▶ What the task asks
Print the records below exactly, from the line containing "Cascades de Petrohue" down to the line containing "Унисекс<br>Возраст: Детский<br>SKU: 5569397", both lines included, and omit every picture.

▶ Input records
================

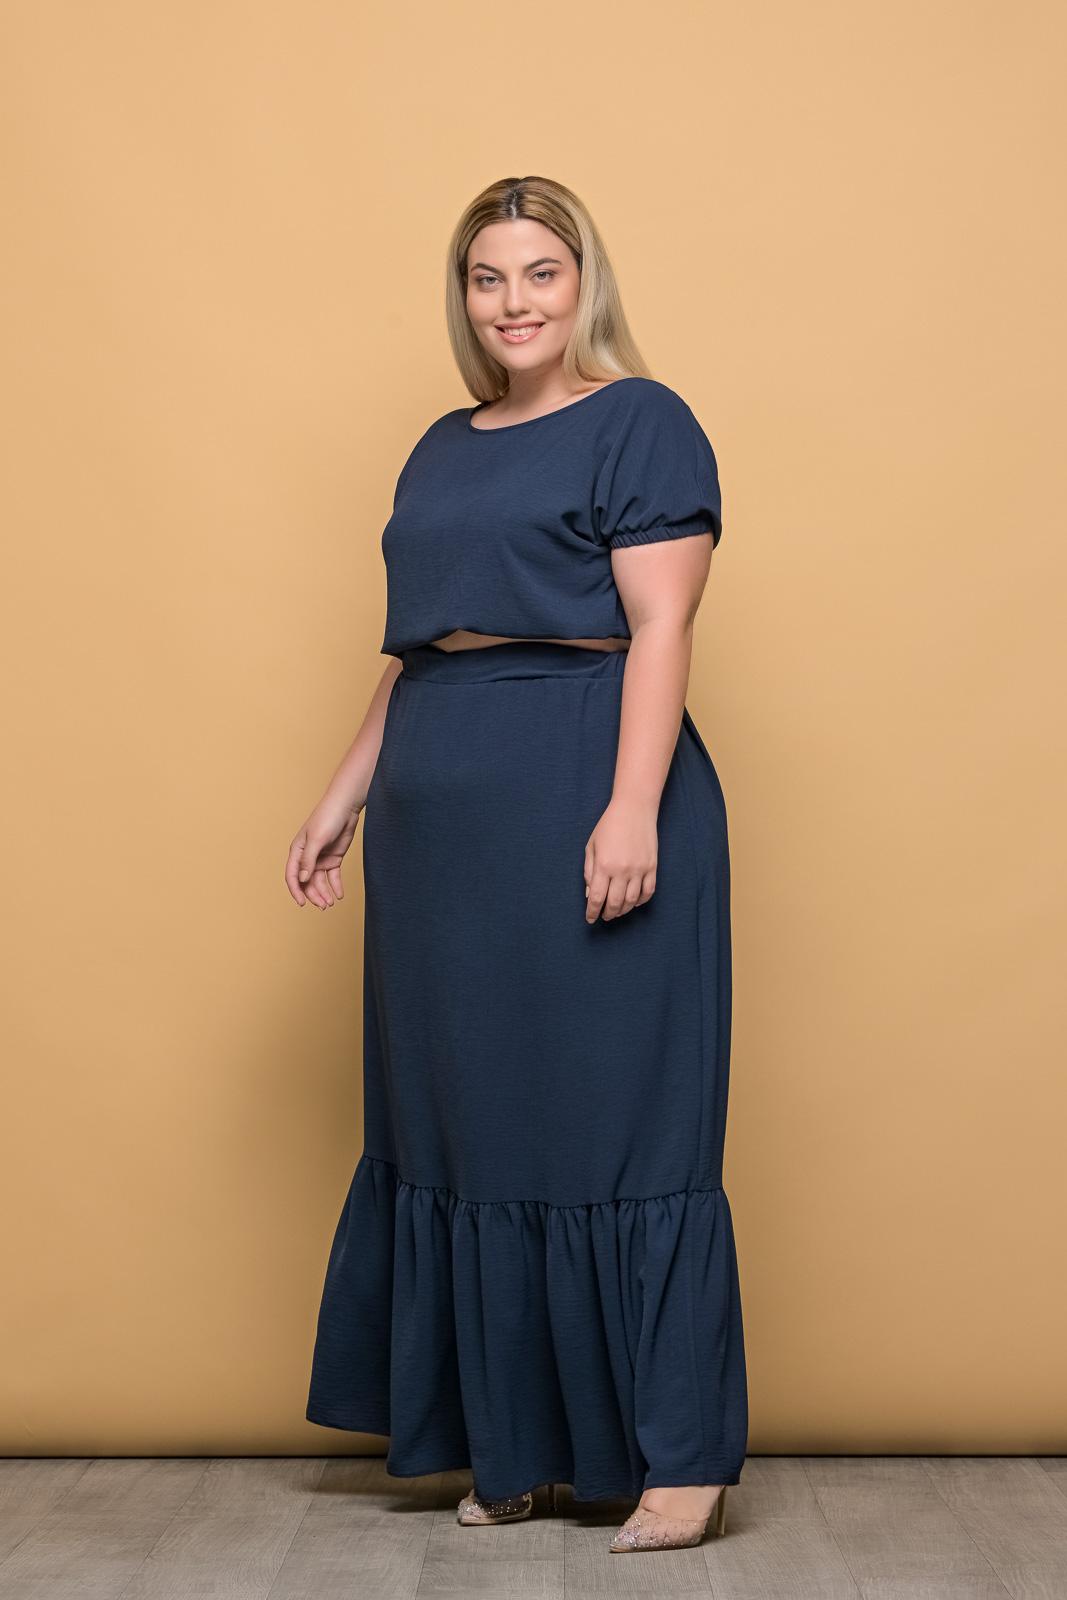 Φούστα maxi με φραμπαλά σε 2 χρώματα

================

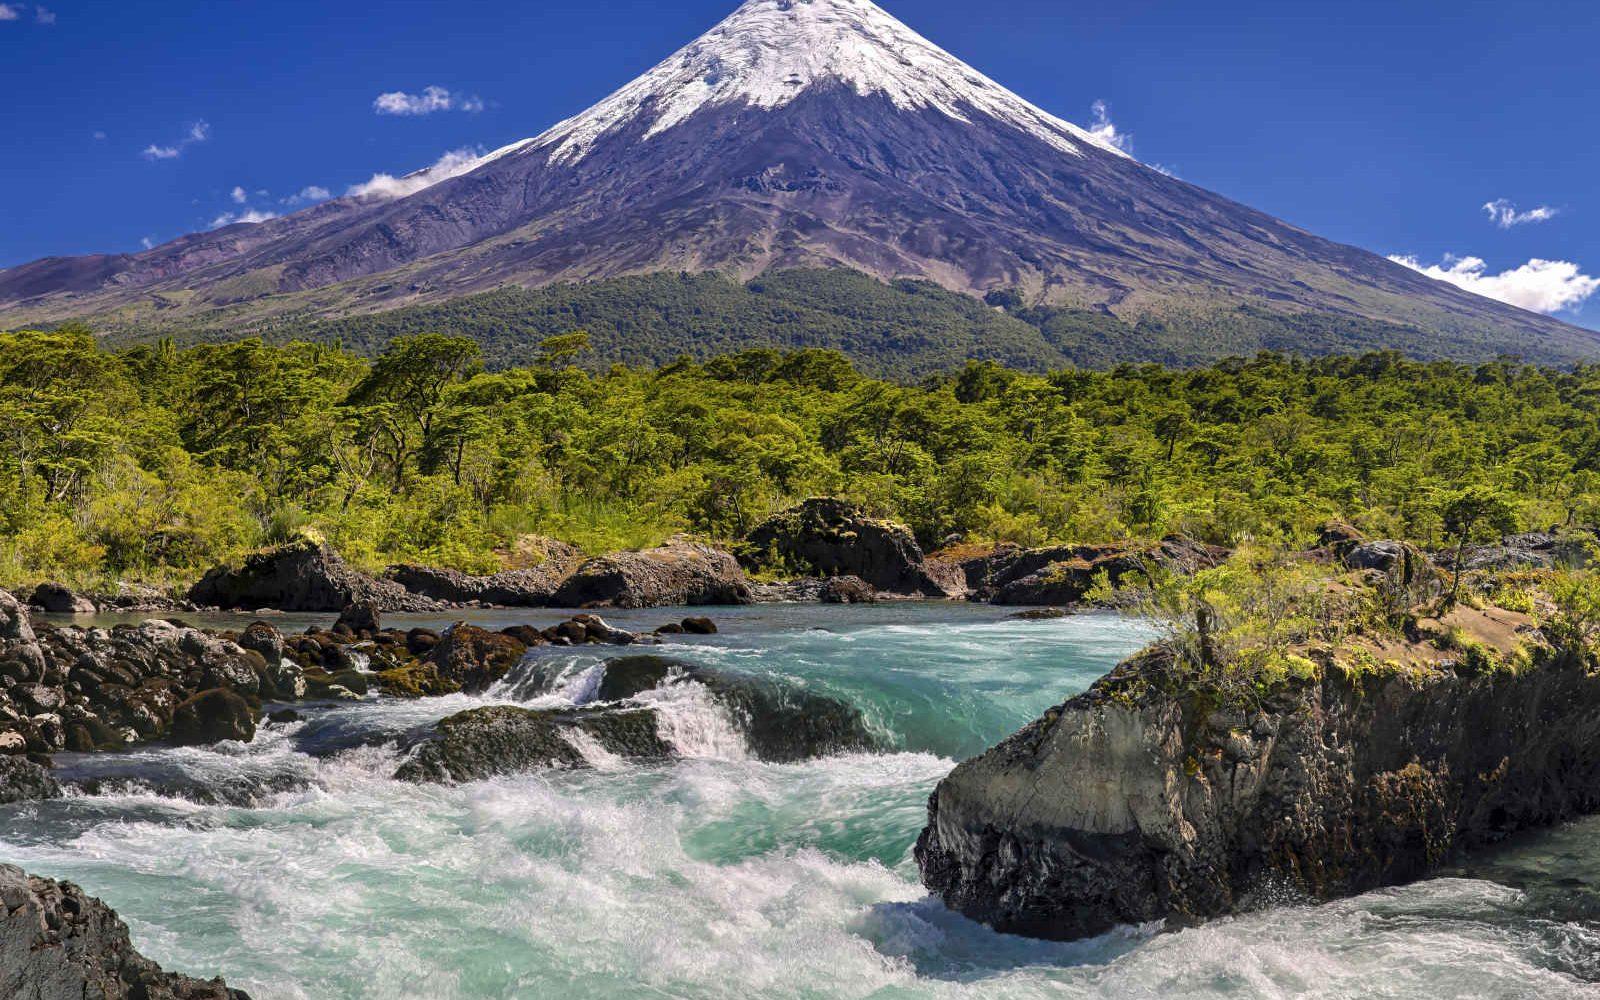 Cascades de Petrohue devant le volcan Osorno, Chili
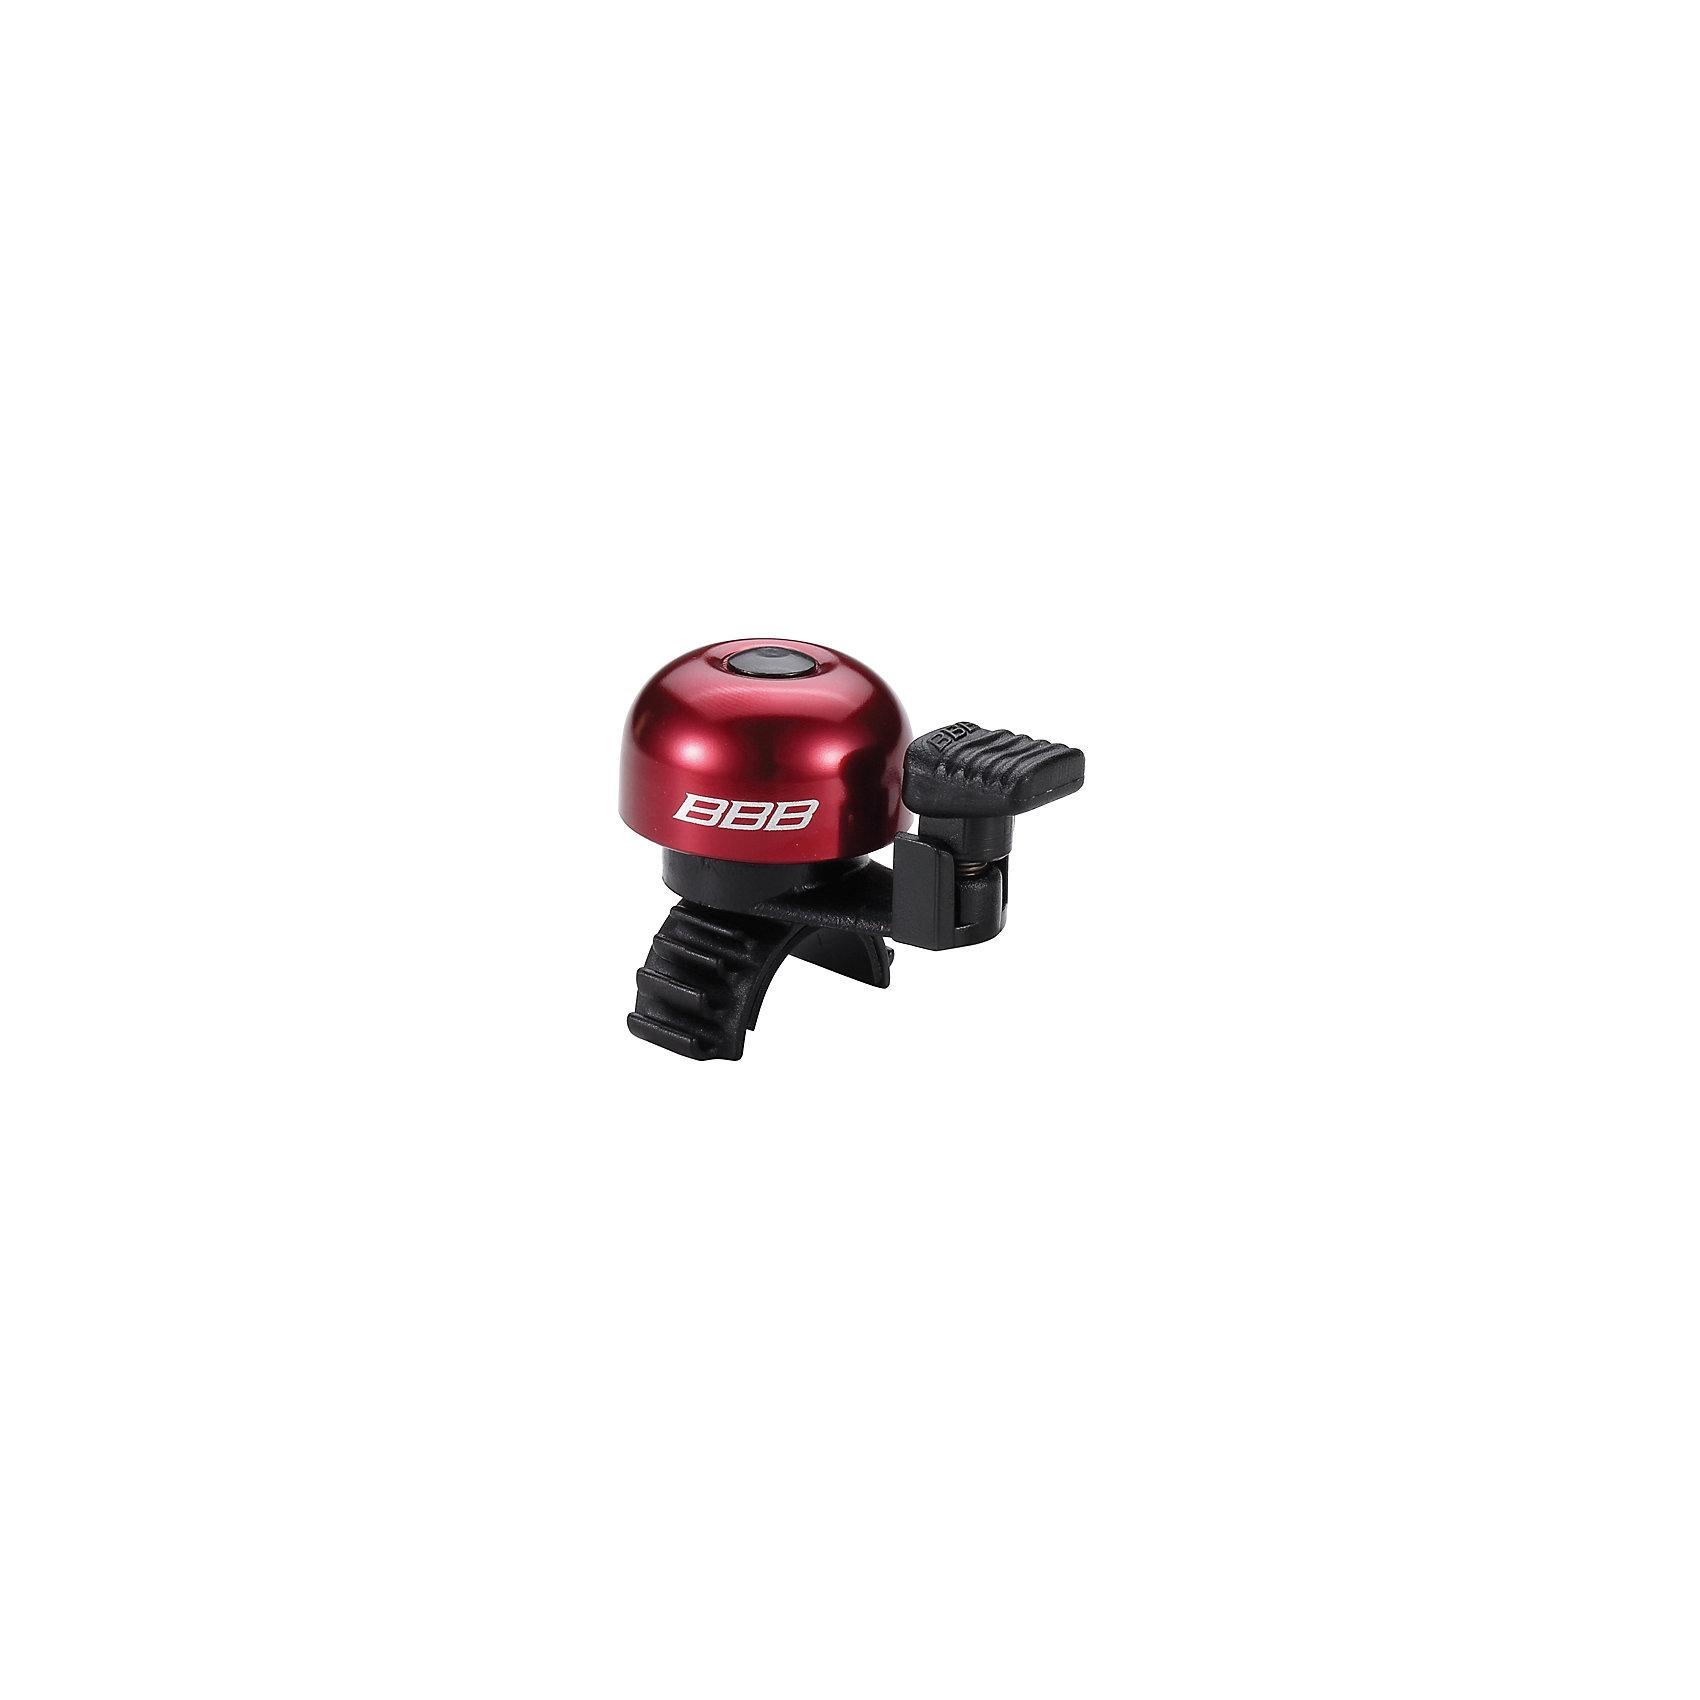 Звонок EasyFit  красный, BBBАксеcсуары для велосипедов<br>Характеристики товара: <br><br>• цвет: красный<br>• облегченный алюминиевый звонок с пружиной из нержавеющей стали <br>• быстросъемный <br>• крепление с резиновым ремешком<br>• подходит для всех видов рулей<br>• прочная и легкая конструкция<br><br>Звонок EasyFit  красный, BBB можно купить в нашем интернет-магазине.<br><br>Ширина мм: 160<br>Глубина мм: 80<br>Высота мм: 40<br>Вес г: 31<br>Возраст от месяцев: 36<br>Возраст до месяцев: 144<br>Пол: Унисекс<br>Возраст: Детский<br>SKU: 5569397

================

▶ Answer to the problem
 Cascades de Petrohue devant le volcan Osorno, Chili
 Звонок EasyFit  красный, BBBАксеcсуары для велосипедов<br>Характеристики товара: <br><br>• цвет: красный<br>• облегченный алюминиевый звонок с пружиной из нержавеющей стали <br>• быстросъемный <br>• крепление с резиновым ремешком<br>• подходит для всех видов рулей<br>• прочная и легкая конструкция<br><br>Звонок EasyFit  красный, BBB можно купить в нашем интернет-магазине.<br><br>Ширина мм: 160<br>Глубина мм: 80<br>Высота мм: 40<br>Вес г: 31<br>Возраст от месяцев: 36<br>Возраст до месяцев: 144<br>Пол: Унисекс<br>Возраст: Детский<br>SKU: 5569397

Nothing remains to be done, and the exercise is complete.